View 3 – shows how the view of the existing heritage trees will be nearly completely masked by the apartments. The photo montage also does not show the full height extent of the apartments

View 4 – We cant see the point of this photo. The existing trees will undoubtedly be removed when a building will be erected on the empty site, which will reveal the 5 storey apartment block above any 2 storey building erected on the block.

View 5 – this has been taken from far away, at the bottom of the park which is a spot seldom used by park users. It doesn’t show the impact from the pathway through the park.

3. Impact on current viewlines within the original (1860) Willsmere Asylum Reserve.

Both the Yarra Bend Park Lookout on the Main Yarra Trail (Kew Trig Point) , and the busy Wurundjeri Spur Lookout on the Yarra Boulevard are located within the grounds of the original Willsmere Asylum Reserve. Both provide view lines that still clearly show Willsmere within the context of the Yarra Bend Park, and the river itself in the valley below, plus the site of the former Yarra Bend Asylum (1854) on the west bank of the river, with the backdrop of the City Skyline in the west.

Unfortunately if Walker’s proposal is proceeded with then from the latter two lookouts the top stories of Walker’s apartments will appear to be suspended slap bang between the two main Willsmere towers directly above the existing roofline. (At least one and a half to two and half stories of the five stories proposed will be ‘on display’ in this way depending on final plans and approvals)

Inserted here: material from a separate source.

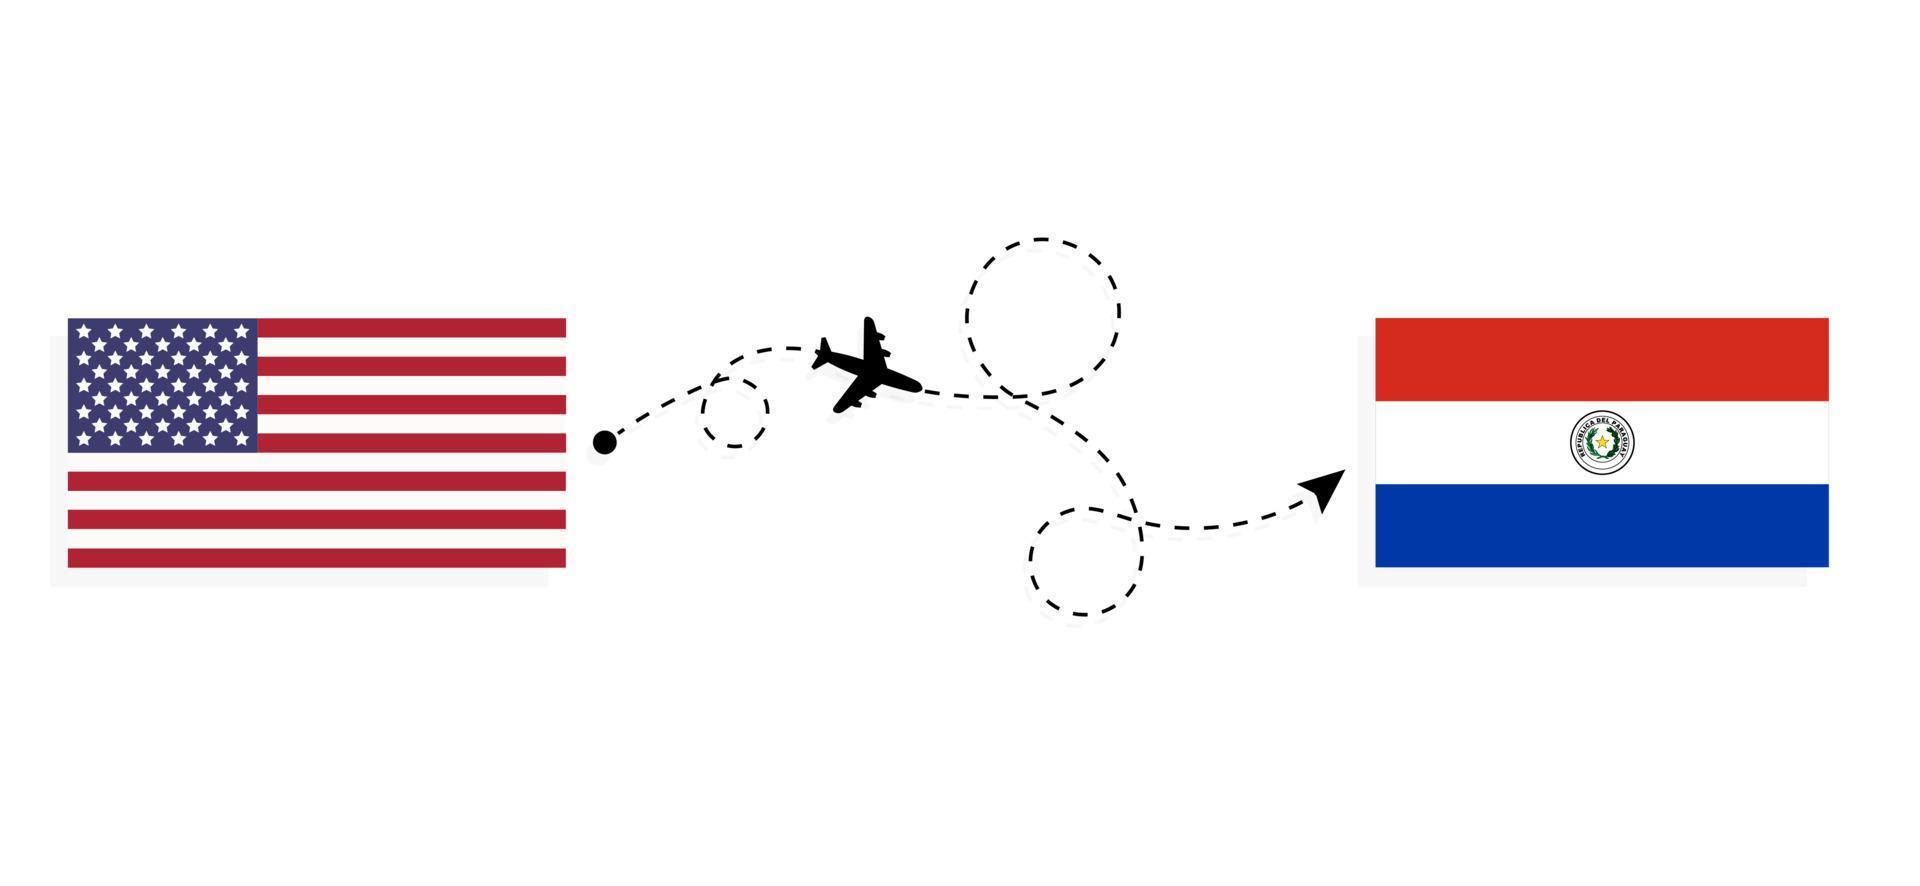 vol et voyage des états-unis au paraguay par concept de voyage en avion de passagers vecteur

A similar view will appear when Willsmere is viewed from further away on this view line across the Yarra, for example from Fairfield Park..

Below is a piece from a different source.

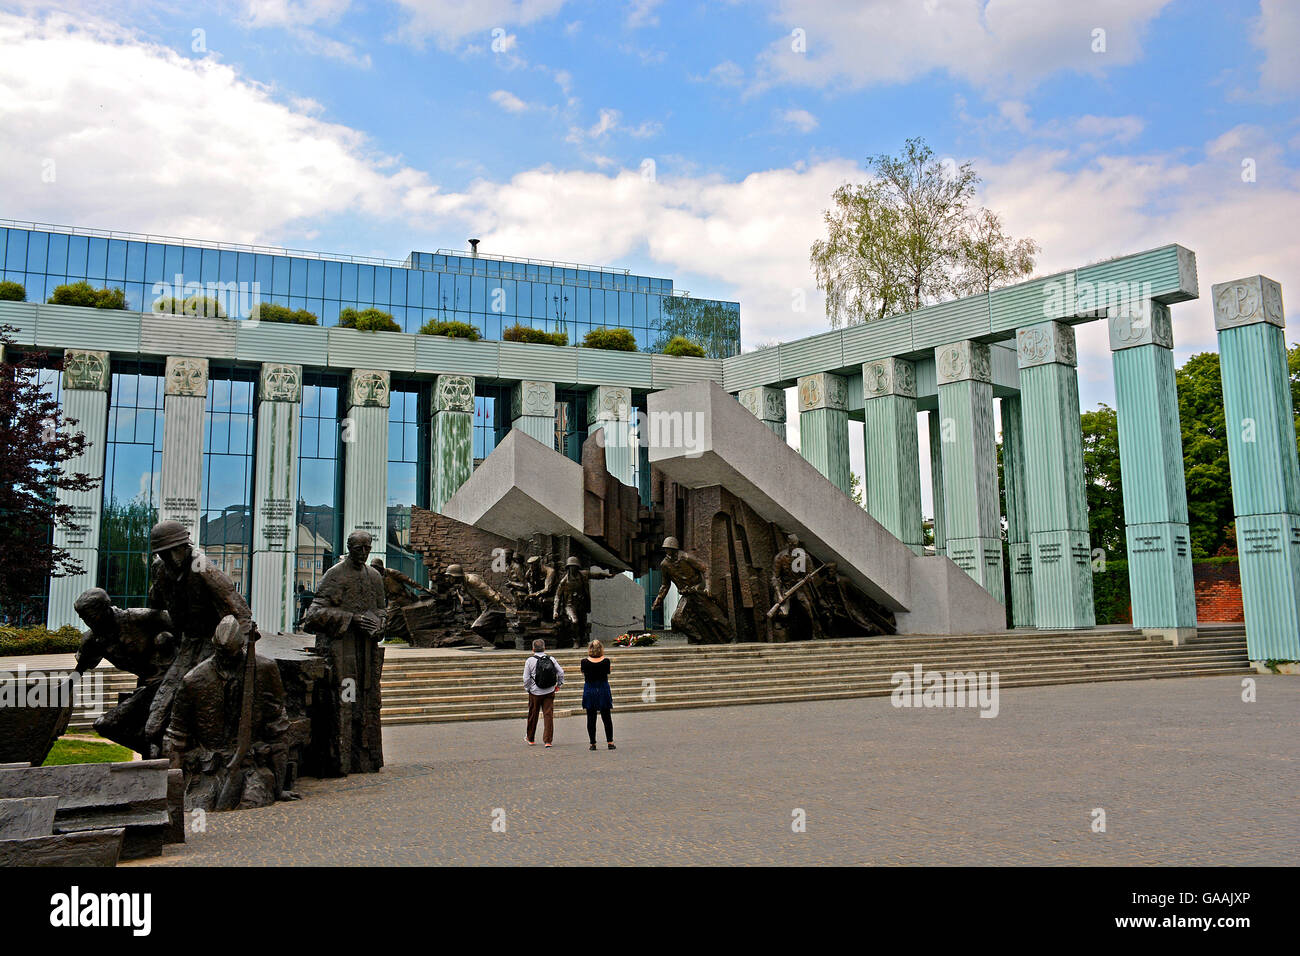 Monument du soulèvement de Varsovie Varsovie Pologne Banque D'Images

As a consequence the continuity of the original Willsmere reserve will be further fragmented, and the uniqueness and distinctiveness of the historic buildings on the ridge line will be lost forever.

Fig 1. Willsmere from Yarra Bend Trail Lookout (Kew Trig Point)


4. Impact on Willsmere Skyline as seen from the Central Business District.

As previously noted in our objection to the Walker proposal, even if the roofline of the proposed apartments were to be restricted to 79.8m AHD, then there will still be an an unacceptable heritage impact on the Willsmere skyline as viewed from around Melbourne. e.g.: from the CBD.